Provided material
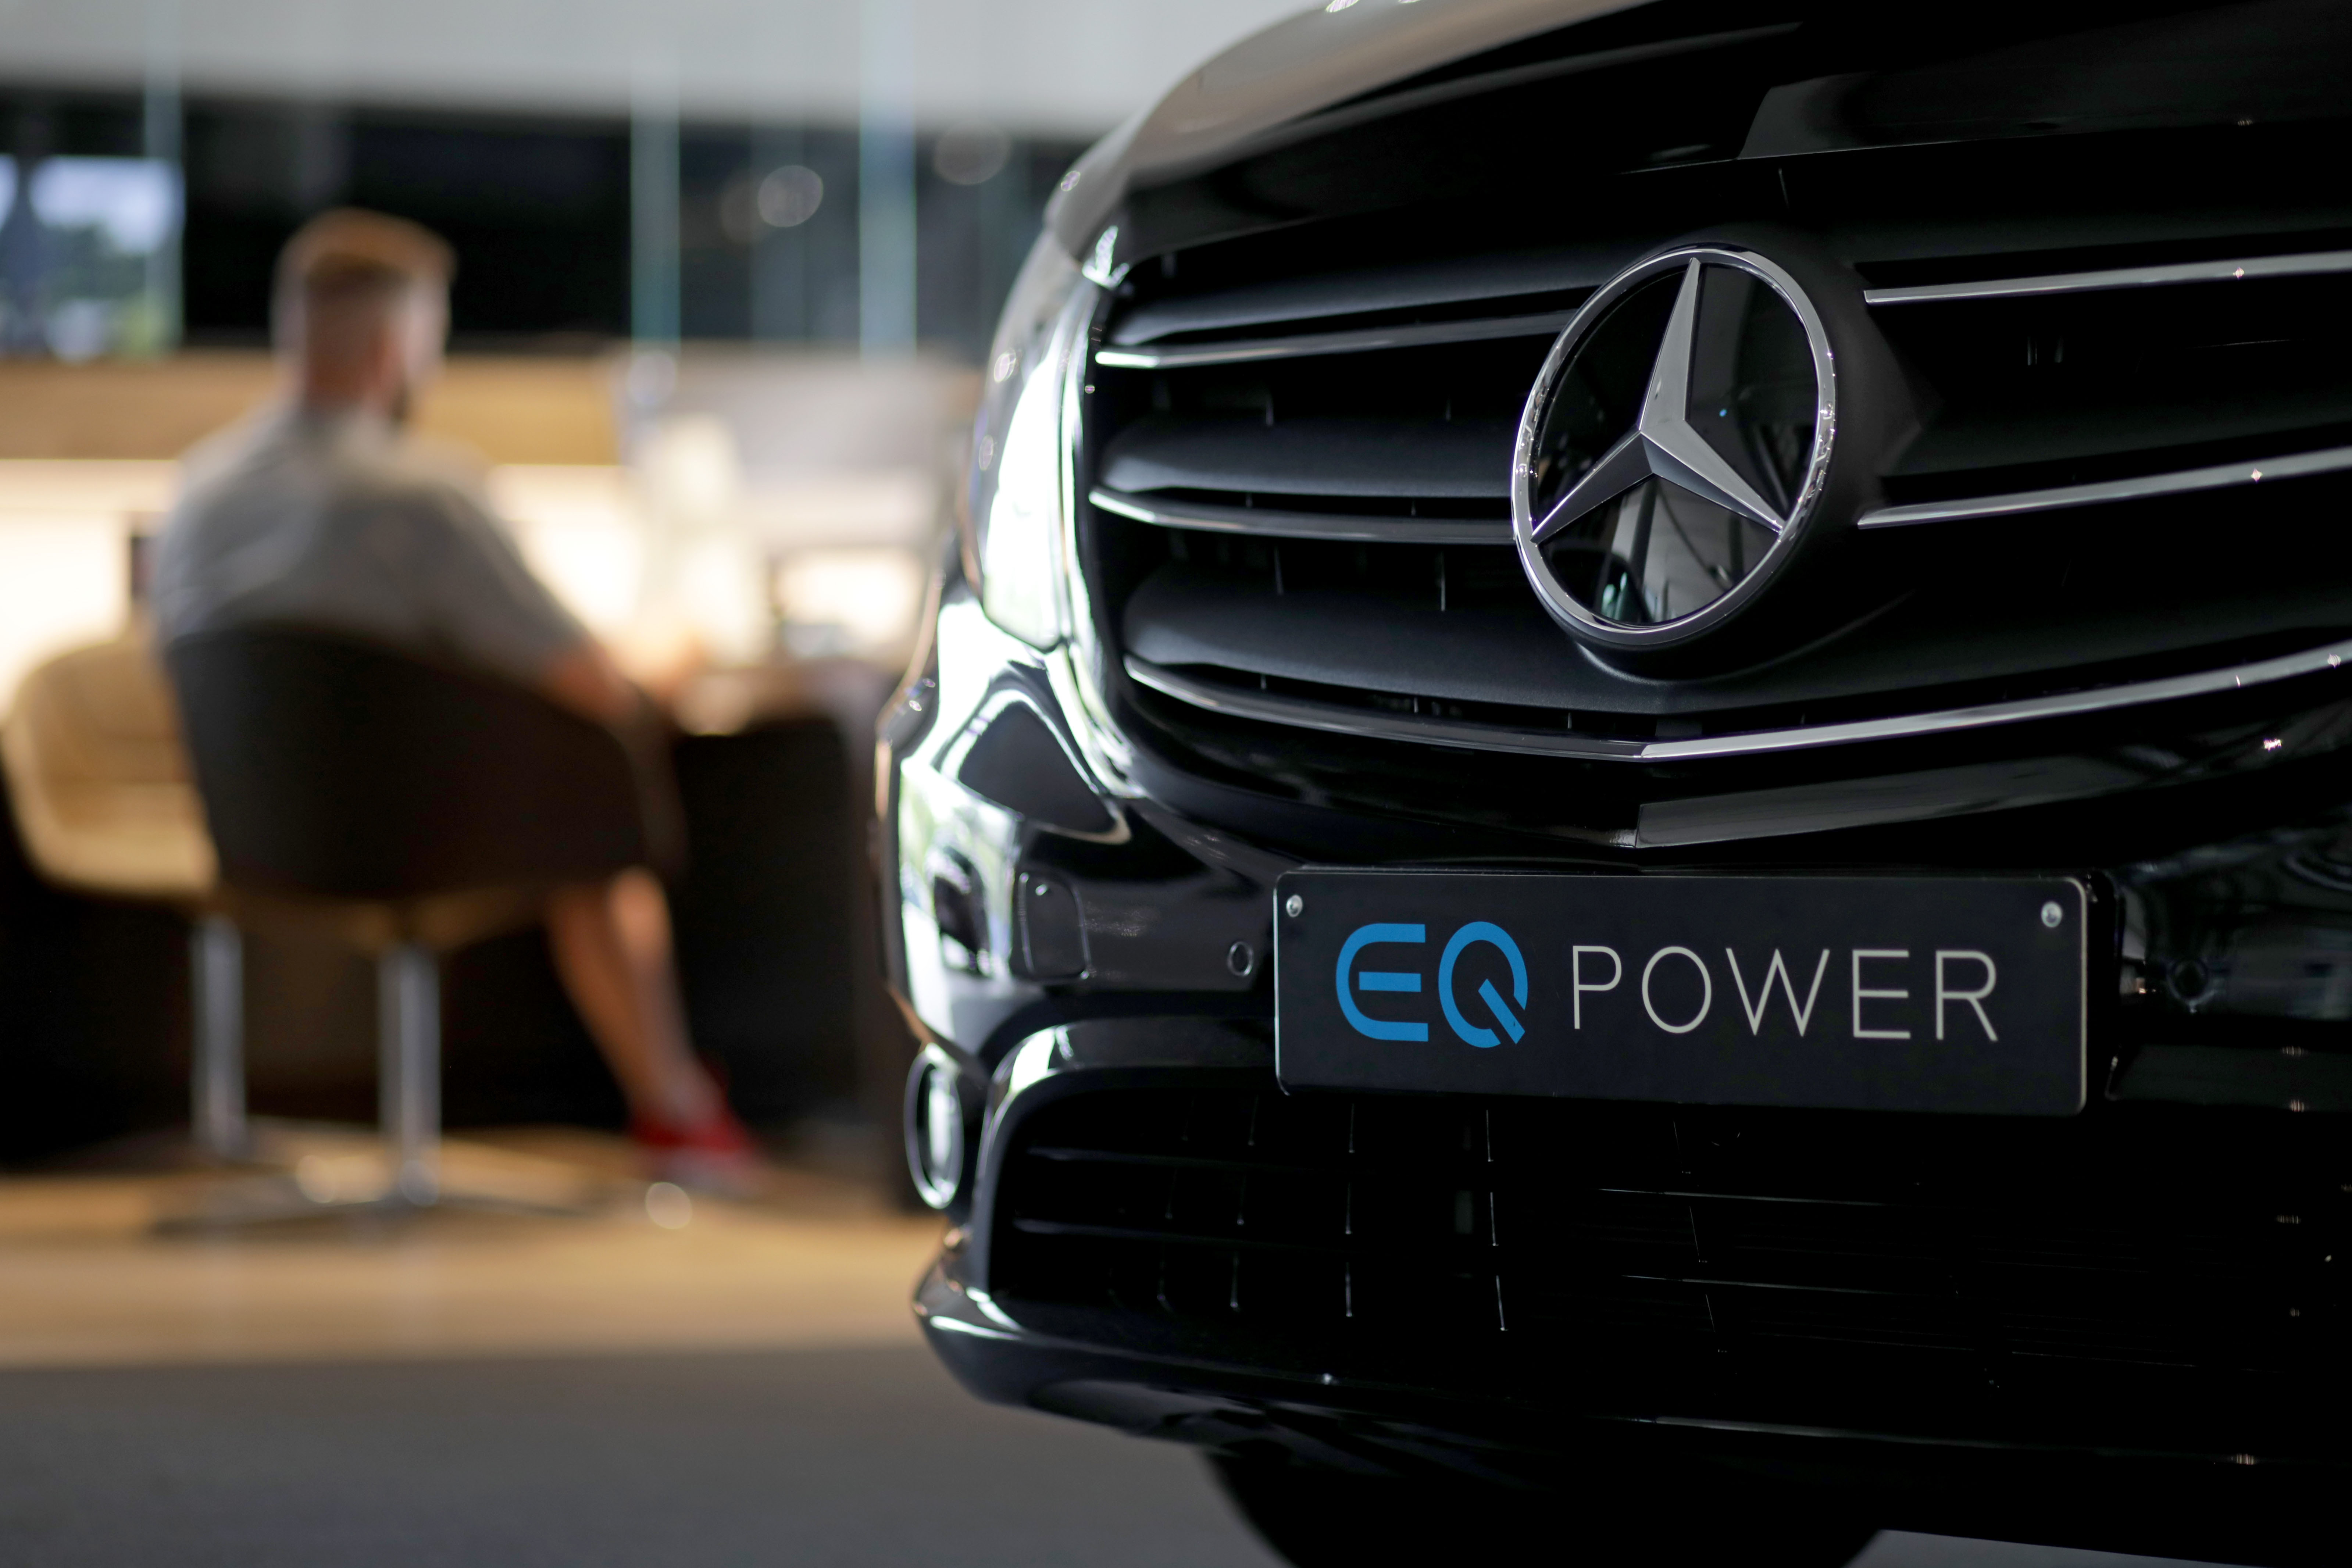 Mercedes-Benz AG Auto Showroom Ahead of Earnings
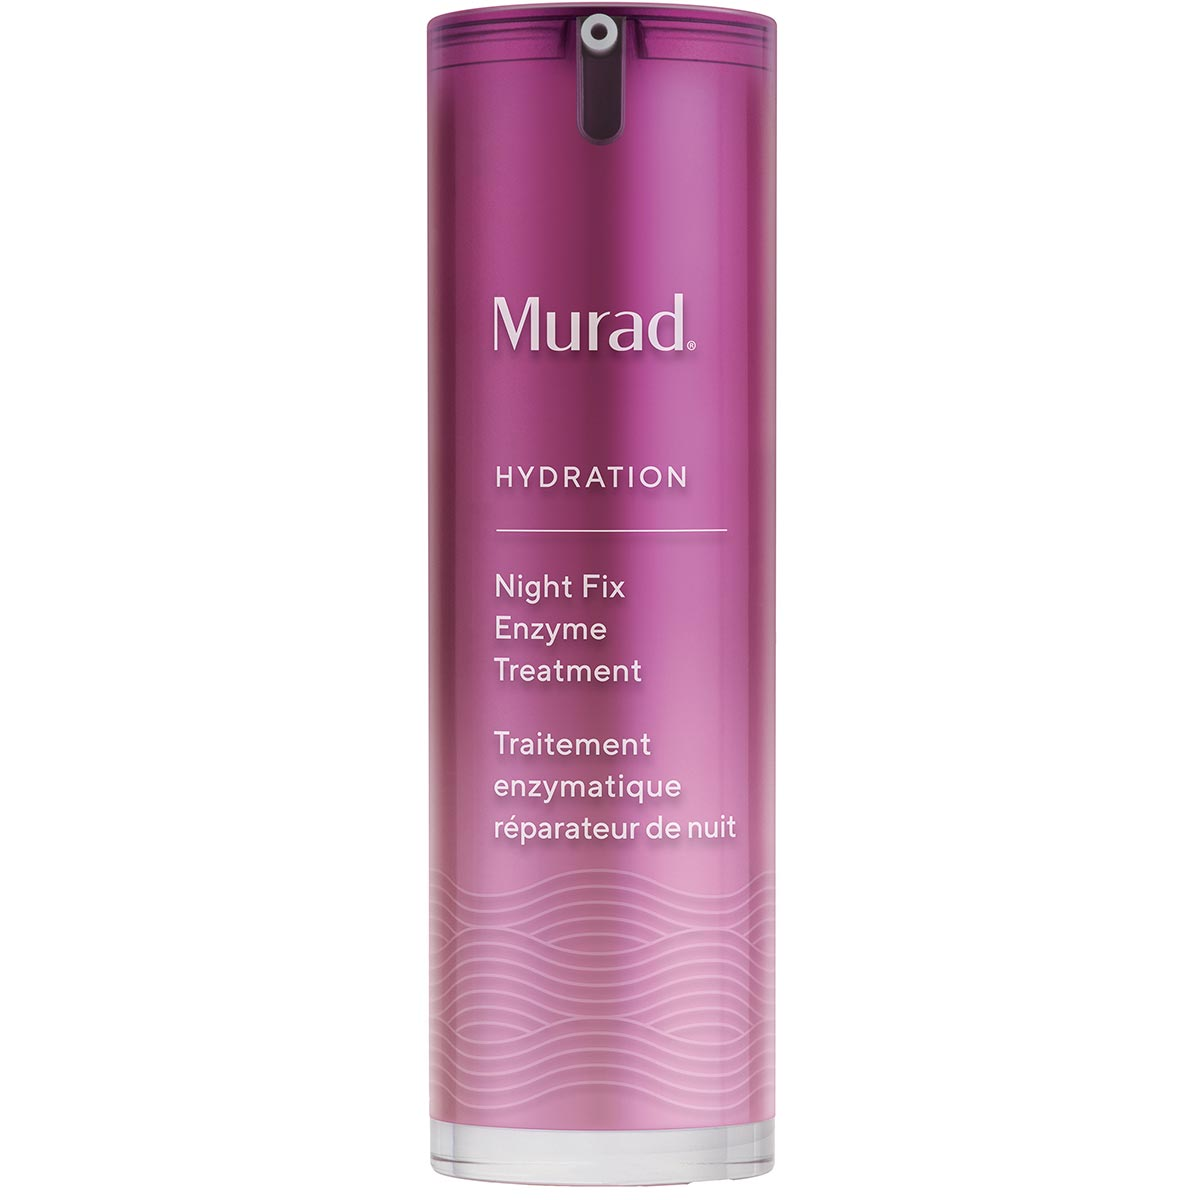 Night Fix Enzyme Treatment, 30 ml Murad Nattkräm
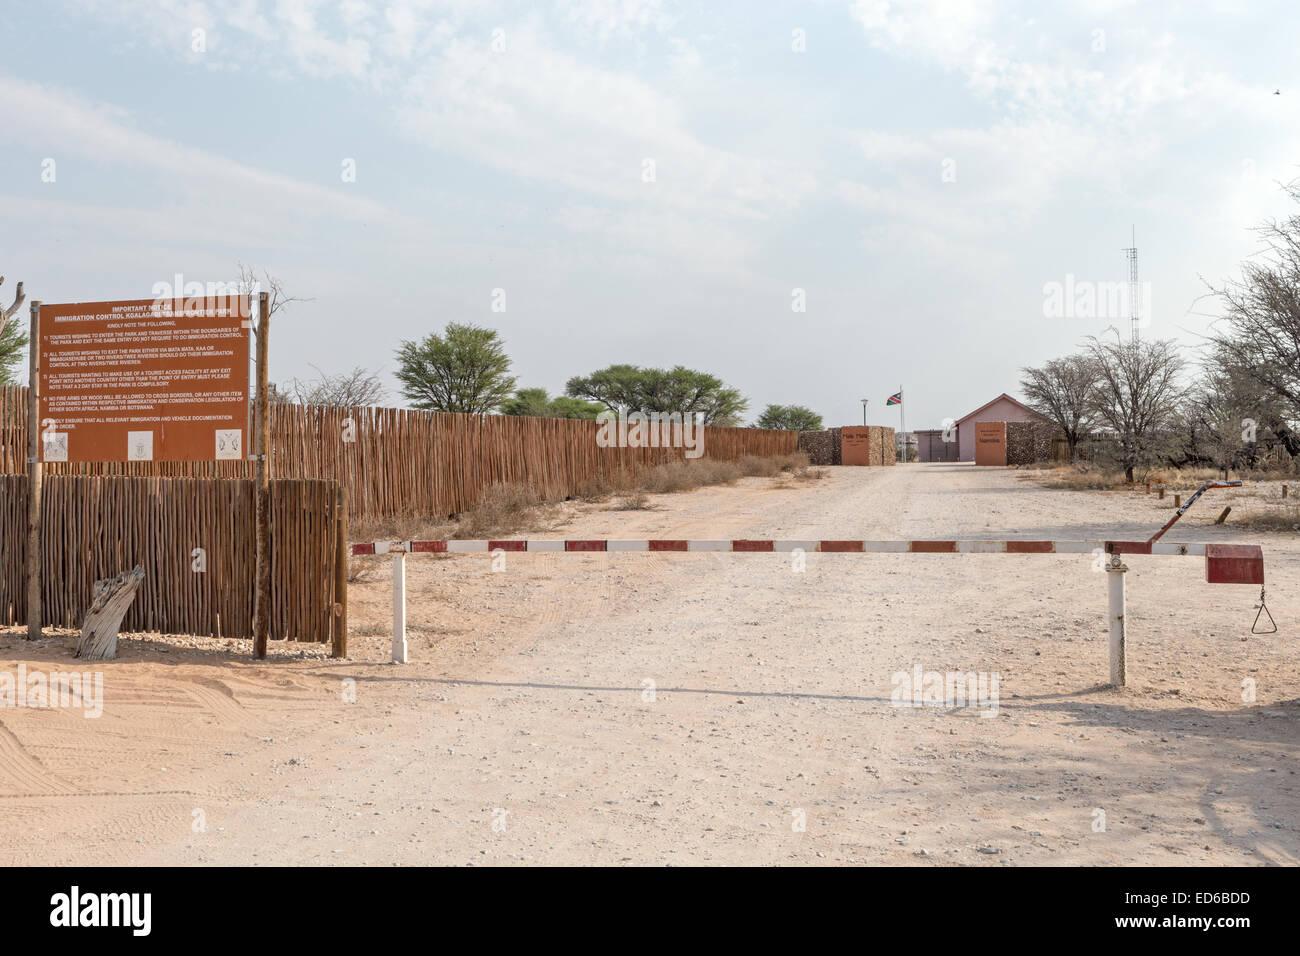 South African Namibian border Mata-Mata Kgalagadi Transfrontier Park South Africa spring outdoor sunny barrier immigration - Stock Image

Work instruction
Write out the listing above exactly as it stands, pictures excluded.

Task answer
 Mercedes-Benz AG Auto Showroom Ahead of Earnings
 Night Fix Enzyme Treatment, 30 ml Murad Nattkräm
 South African Namibian border Mata-Mata Kgalagadi Transfrontier Park South Africa spring outdoor sunny barrier immigration - Stock Image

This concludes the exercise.